Fix a rare false negative in perf tests

2024-09-19 16:20:50 +00:00 · 2021-03-02 19:21:30 +03:00 · 2021-03-02 19:21:30 +03:00 · 08148e062f
commit 08148e062f
parent a8f0fd1b26
3 changed files with 33 additions and 10 deletions
--- a/docker/test/performance-comparison/compare.sh
+++ b/docker/test/performance-comparison/compare.sh
@ -358,6 +358,8 @@ mkdir analyze analyze/tmp ||:
 build_log_column_definitions

 # Split the raw test output into files suitable for analysis.
+# To debug calculations only for a particular test, substitute a suitable
+# wildcard here, e.g. `for test_file in modulo-raw.tsv`.
 for test_file in *-raw.tsv
 do
    test_name=$(basename "$test_file" "-raw.tsv")
@ -467,7 +469,13 @@ create view broken_queries as
 create table query_run_metrics_for_stats engine File(
        TSV, -- do not add header -- will parse with grep
        'analyze/query-run-metrics-for-stats.tsv')
-    as select test, query_index, 0 run, version, metric_values
+    as select test, query_index, 0 run, version,
+        -- For debugging, add a filter for a particular metric like this:
+        -- arrayFilter(m, n -> n = 'client_time', metric_values, metric_names)
+        --     metric_values
+        -- Note that further reporting may break, because the metric names are
+        -- not filtered.
+        metric_values
    from query_run_metric_arrays
    where (test, query_index) not in broken_queries
    order by test, query_index, run, version
@ -585,8 +593,19 @@ create view query_metric_stats as
 -- Main statistics for queries -- query time as reported in query log.
 create table queries engine File(TSVWithNamesAndTypes, 'report/queries.tsv')
    as select
-        abs(diff) > report_threshold        and abs(diff) > stat_threshold as changed_fail,
-        abs(diff) > report_threshold - 0.05 and abs(diff) > stat_threshold as changed_show,
+        -- It is important to have a non-strict inequality with stat_threshold
+        -- here.

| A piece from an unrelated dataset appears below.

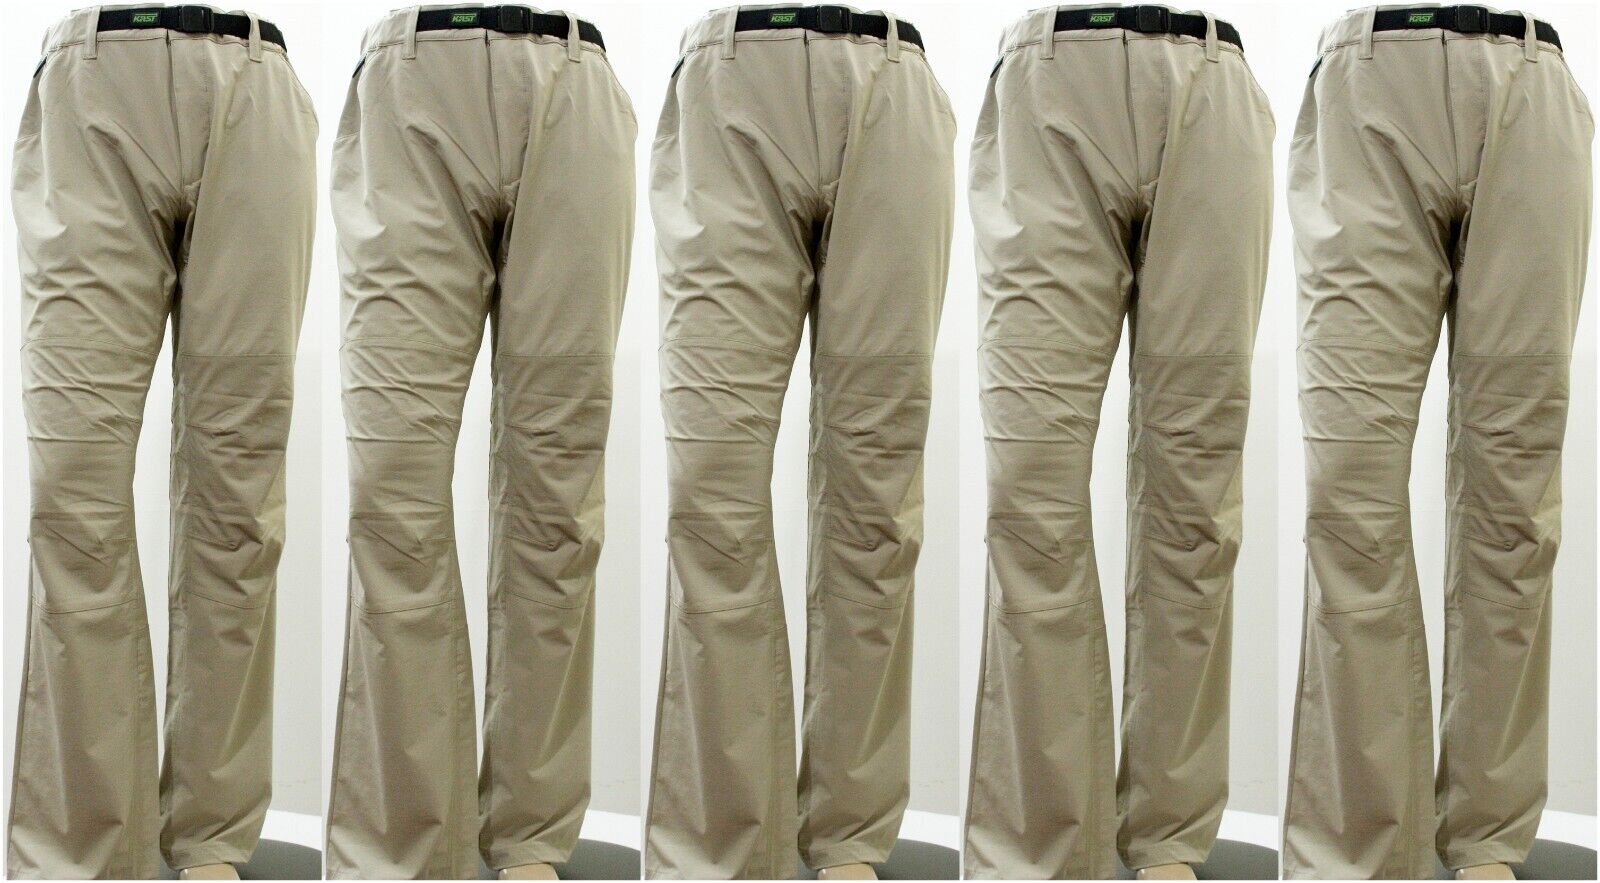 Lot Of 5 Kast Extreme Fishing Gear Revolver Guide Pants Khaki Size Large Nwt Op

The randomization distribution is actually discrete, and when
+        -- the number of runs is small, the quantile we need (e.g. 0.99) turns
+        -- out to be the maximum value of the distribution. We can also hit this
+        -- maximum possible value with our test run, and this obviously means
+        -- that we have observed the difference to the best precision possible
+        -- for the given number of runs. If we use a strict equality here, we
+        -- will miss such cases. This happened in the wild and lead to some
+        -- uncaught regressions, because for the default 7 runs we do for PRs,
+        -- the randomization distribution has only 16 values, so the max quantile
+        -- is actually 0.9375.
+        abs(diff) > report_threshold        and abs(diff) >= stat_threshold as changed_fail,
+        abs(diff) > report_threshold - 0.05 and abs(diff) >= stat_threshold as changed_show,

        not changed_fail and stat_threshold > report_threshold + 0.10 as unstable_fail,
        not changed_show and stat_threshold > report_threshold - 0.05 as unstable_show,
--- a/docker/test/performance-comparison/eqmed.sql
+++ b/docker/test/performance-comparison/eqmed.sql
@ -1,4 +1,6 @@
-- input is table(test text, query text, run UInt32, version int, metrics Array(float))
+-- The input is table(test text, query text, run UInt32, version UInt8, metrics Array(float)).
+-- Run like this:
+-- clickhouse-local --queries-file eqmed.sql -S 'test text, query text, run UInt32, version UInt8, metrics Array(float)' --file analyze/tmp/modulo_0.tsv
 select
   arrayMap(x -> floor(x, 4), original_medians_array.medians_by_version[1] as l) l_rounded,
   arrayMap(x -> floor(x, 4), original_medians_array.medians_by_version[2] as r) r_rounded,
@ -8,14 +10,19 @@ select
 from
   (
      -- quantiles of randomization distributions
+      -- note that for small number of runs, the exact quantile might not make
+      -- sense, because the last possible value of randomization distribution
+      -- might take a larger percentage of distirbution (i.e. the distribution
+      -- actually has discrete values, and the last step can be large).
      select quantileExactForEach(0.99)(
        arrayMap(x, y -> abs(x - y), metrics_by_label[1], metrics_by_label[2]) as d
      ) threshold
-      ---- uncomment to see what the distribution is really like
-      --, uniqExact(d.1) u
+      ---- Uncomment to see what the distribution is really like. This debug
+      ---- code only works for single (the first) metric.
+      --, uniqExact(d[1]) u
      --, arraySort(x->x.1,
      --      arrayZip(
-      --          (sumMap([d.1], [1]) as f).1,
+      --          (sumMap([d[1]], [1]) as f).1,
      --          f.2)) full_histogram
      from
         (
--- a/tests/performance/modulo.xml
+++ b/tests/performance/modulo.xml
@ -1,7 +1,4 @@
 <test>
-
-
-
    <query>SELECT number % 128 FROM numbers(300000000) FORMAT Null</query>
    <query>SELECT number % 255 FROM numbers(300000000) FORMAT Null</query>
    <query>SELECT number % 256 FROM numbers(300000000) FORMAT Null</query>